#1229 Mixin inheritance conflict resolution (evolving interfaces)

katox Fri 24 Sep 2010

I ran into a mixin conflict lately and I found out I'm unusure what is the recommended way how to resolve an inheritance mixin conflict.

The situation is quite simple:

mixin A	{ virtual Str myStr() { return "+A" } }
mixin B	{ virtual Str myStr() { return "+B" } }
class C : A, B	{ override Str myStr() { return "C" } }

class Main 
{ static Void main() 
  {
  c := C()
  echo(c.myStr)
  }
}

Mixin B didn't used to contain myStr but it is desirable to have it there now. There is nothing special about C - its myStr result should only contain a combination of return values of myStr in A and B (I can imagine sometimes only A or B variant would suffice).

There are quite a few options but every single one has some limitations. What would you suggest? And what is the best way if myStr isn't virtual?

Sidenote: though the difference between mixins and traits are subtle, don't have traits an edge against mixins in case of evolving interfaces? I haven't found much on this topics on teh internets but this oldschool paper (seems quite good and still valid though).

yachris Fri 24 Sep 2010

"Congratulations, your digging has unearthed a diamond!"

The wiki page referred to above has a good description of the way various languages deal with this problem.

DanielFath Fri 24 Sep 2010

Technically speaking that's a triangle not a diamond.

vkuzkokov Fri 24 Sep 2010

Even more technically: it's "V-problem" since A and B are not connected in any way.

katox Fri 24 Sep 2010

Good to amuse you ;)

Still, this is not groovy or c++ so I have to admit I don't know the syntax how to address methods in A or B without refactoring it all.

brian Fri 24 Sep 2010

In Fantom, the compiler forces you to choose which one you want to use or to create your own version. For example your choices for C.myStr are:

override Str myStr() { return A.super.myStr }  // named super of A
override Str myStr() { return B.super.myStr }  // named super of B
override Str myStr() { return "C" }            // new implementation

In fact, this situation is the primary use case for named supers.

katox Fri 24 Sep 2010

I see, thanks Brian!

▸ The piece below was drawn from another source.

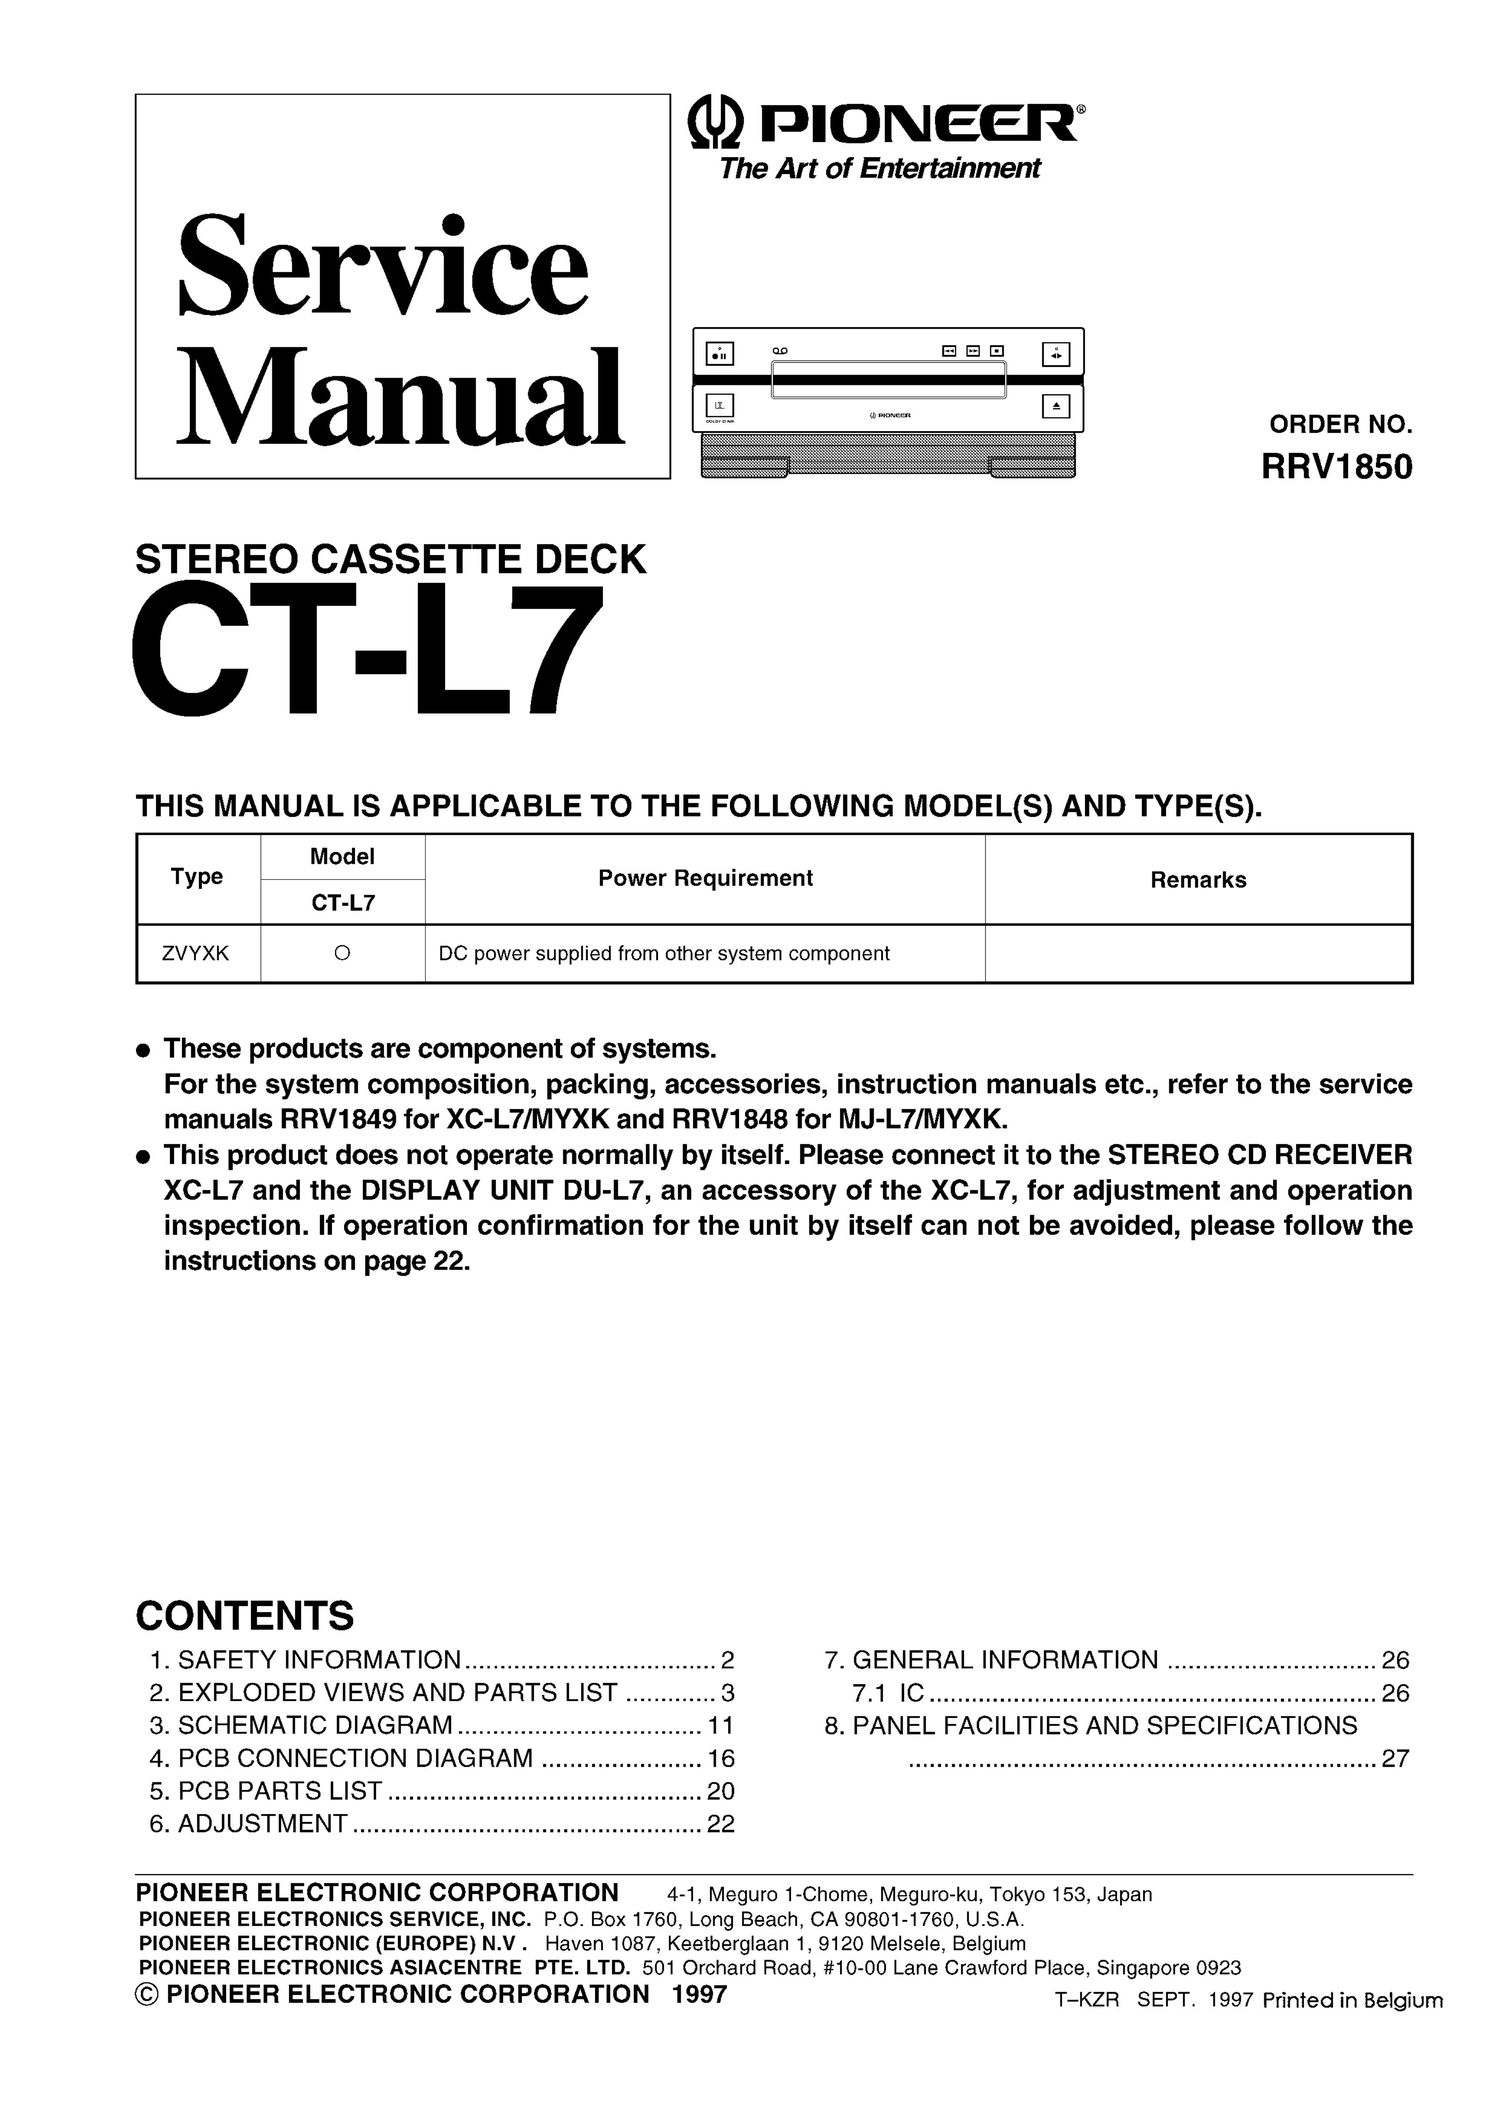 pioneer ctl 7 service manual

Couldn't find the named super in docs.

Should've split that and the trait remark into separate topics really.

yachris Fri 24 Sep 2010

That's a nice solution... no wacky compiler rules to memorize, and the implementations are there in a sensible way to reuse. Great!

brian Fri 24 Sep 2010

katox Sat 25 Sep 2010

Yeah, thanks I figured that afterwards. I searched for conflict resolution, mixins, methods and similar. I think this is not the first time I've been unsuccessful with the search (even though the placement is ok). Maybe a link to super would be good from methods and mixins just to play safe...

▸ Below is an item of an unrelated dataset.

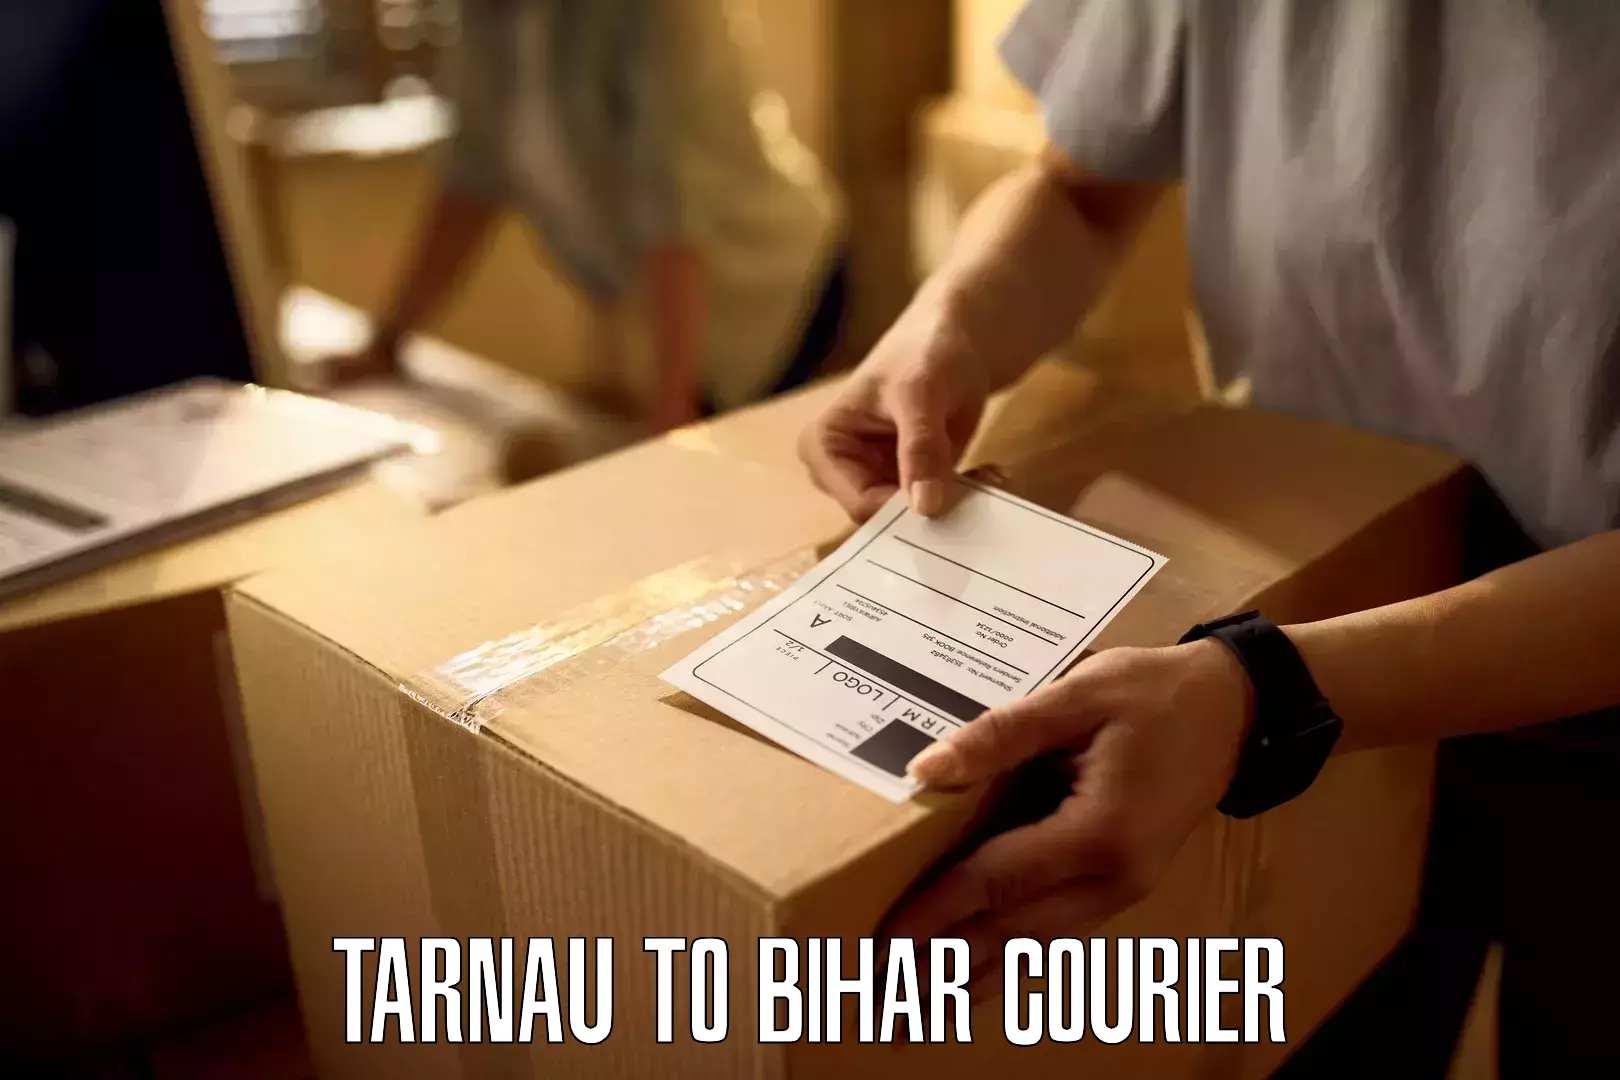 Courier service comparison Tarnau to Kudra

DanielFath Tue 28 Sep 2010

Speaking of, from what I can tell the biggest difference between mixin and traits is the fact that traits are stackable and mixins aren't. It's kinda cool feature but I doubt I'd see traits in Fantom.

zyhong Tue 28 Sep 2010

I love fantom. But stackable trait is something that I like scala over fantom. I think fantom offer too less while scala offer too much. I guess it is hard to design a language that offer a good balance of feather.